If you merely moved your laptop from your employer’s office to your home and worked from the kitchen table, or if you simply moved a desk to your bedroom from where you connected your employer’s laptop and printer, you will not be eligible to claim. If you only required a corner and a desk to work from home, with your employer supplying all your tools, data or even airtime, you most likely saved more money by working from home, with less being spent on fuel and travelling expenses. In cases like these it will be hard to argue that you actually incurred costs by working from home and this is most likely the reason why SARS is not keen on changing the main requirement of an exclusive room for business purposes.
The verdict: Is it worth it?
Claiming home office expenses is unfortunately not clear cut and simple. There are a lot of variables to consider and boils down to the fact that each taxpayer’s case should be based on its own merits. It involves various calculations and taking into account the possible negative impact of capital gains tax in the future. If you are unsure, you might want to consult a professional to assist you with the calculations, but this also increases the costs of preparing and submitting your income tax return. Keep in mind, a home office expense claim will put you in SARS’s crosshairs, so there is a high possibility of being extensively audited, putting a hefty administrative burden on taxpayers to substantiate their claims.

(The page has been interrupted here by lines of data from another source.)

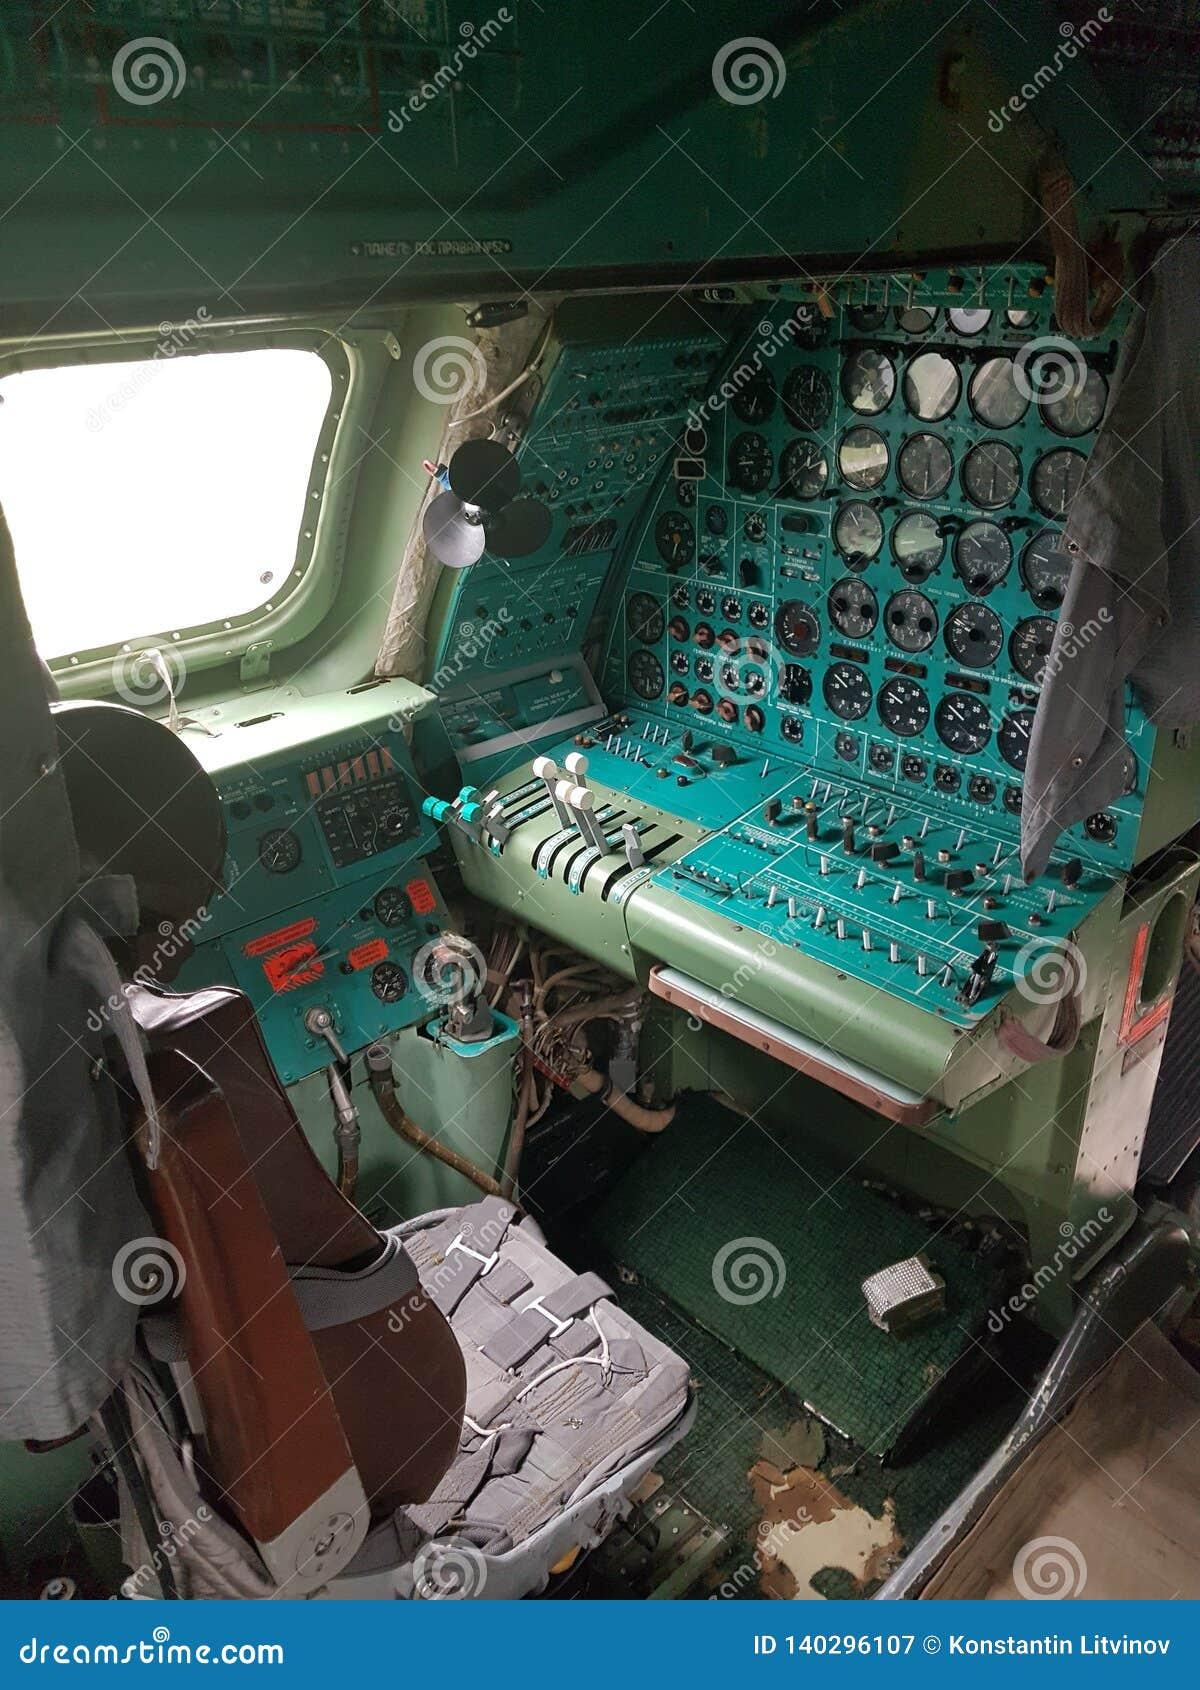 Monino, Rusland - 08 08 2018: De vliegtuigen van het cockpitgevecht van bombardirovshik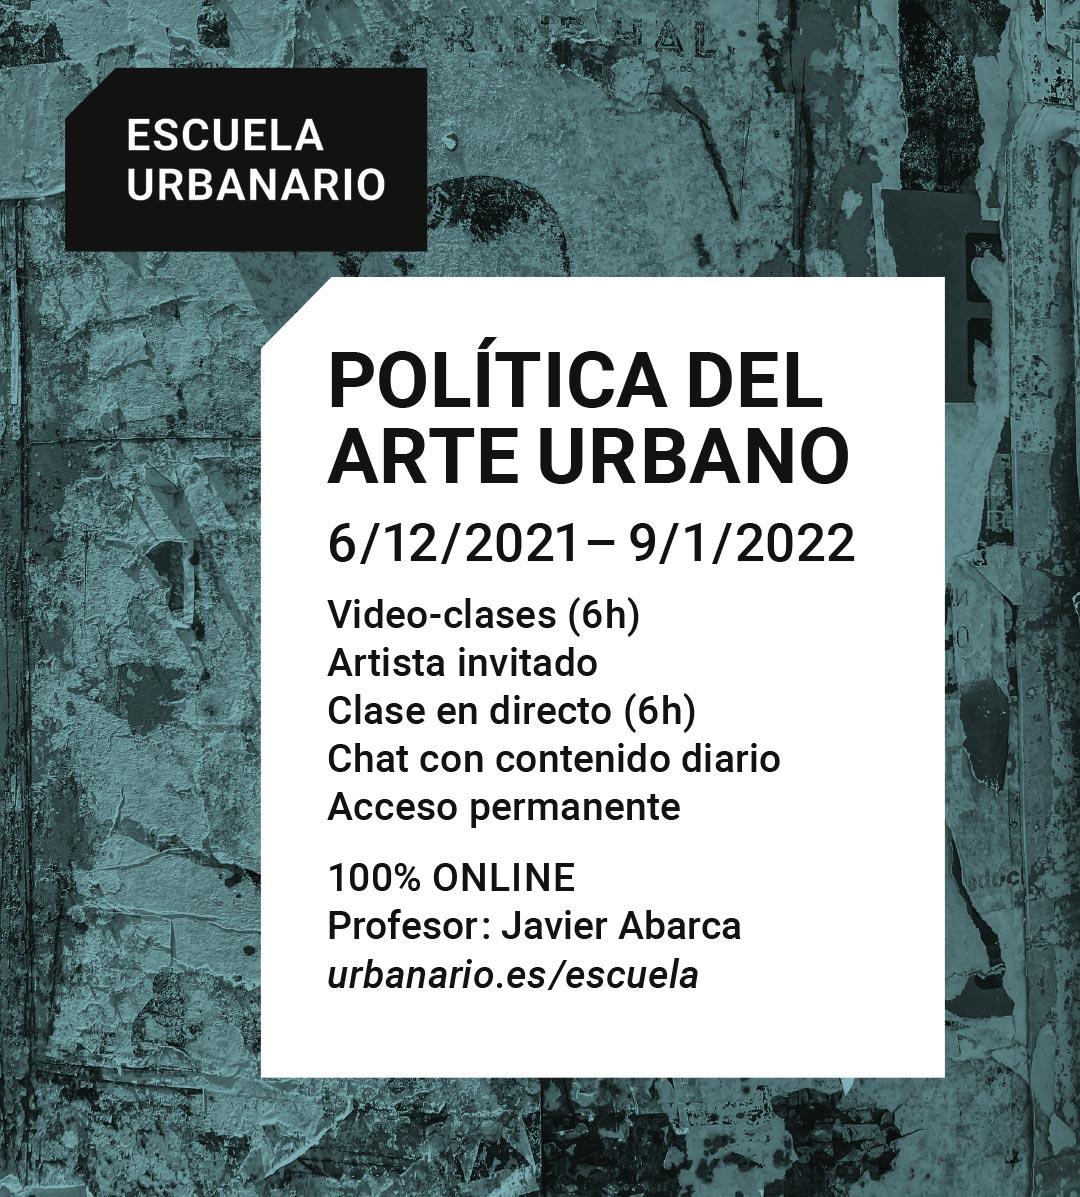 Política del arte urbano - Escuela Urbanario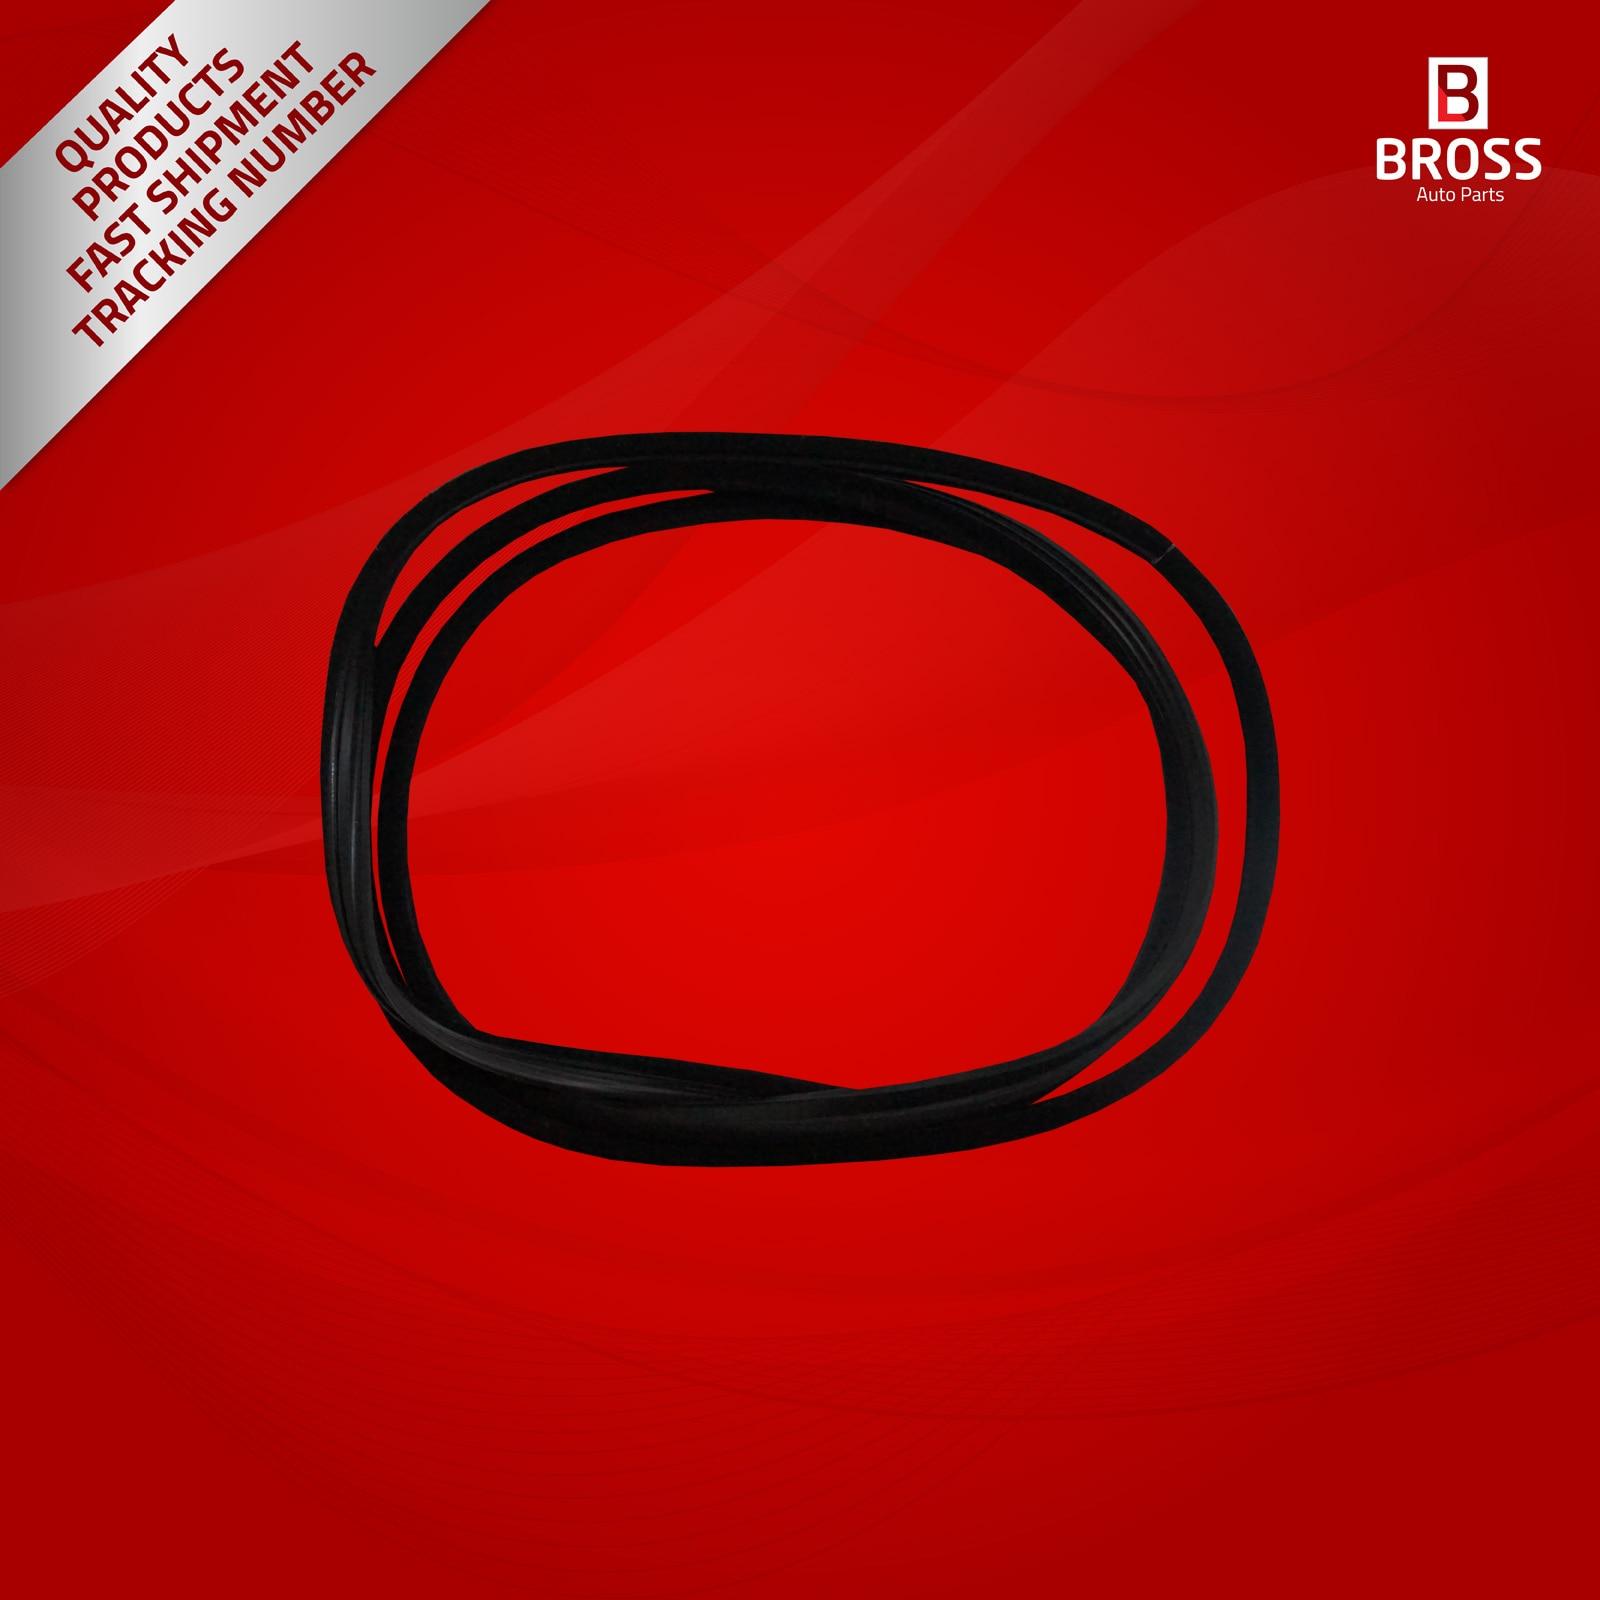 BSR550 Zonnedak Sliding Seal A1247800298 voor W124 W201 W202 W203

The benefits of the claim should therefore outweigh the costs, otherwise it is just not worth it.
If you are not using a significant portion of your home for business purposes and if the qualifying expenses are insignificant, it might not be worth your while going through all this effort for a tax saving of a couple hundred rand. On the other hand, if you are still paying a lot of bond interest on your home, you might have enough expenses for a proper tax saving.
Taxpayers who rent do not have to worry about the negative capital gains tax implications of the act, but if you are simply renting a small flat, don’t expect a huge refund. That being said, a small flat might not even have a separate, dedicated room available for a home office, automatically disqualifying you from any home office expense claim.
This portion of the act was developed with commission earners and independent contractors in mind, so the strict rules associated with the application of this act is not really suitable for normal salaried taxpayers. Unless SARS amend the law and broaden its scope, a lot of people will not be able utilise home office expenses.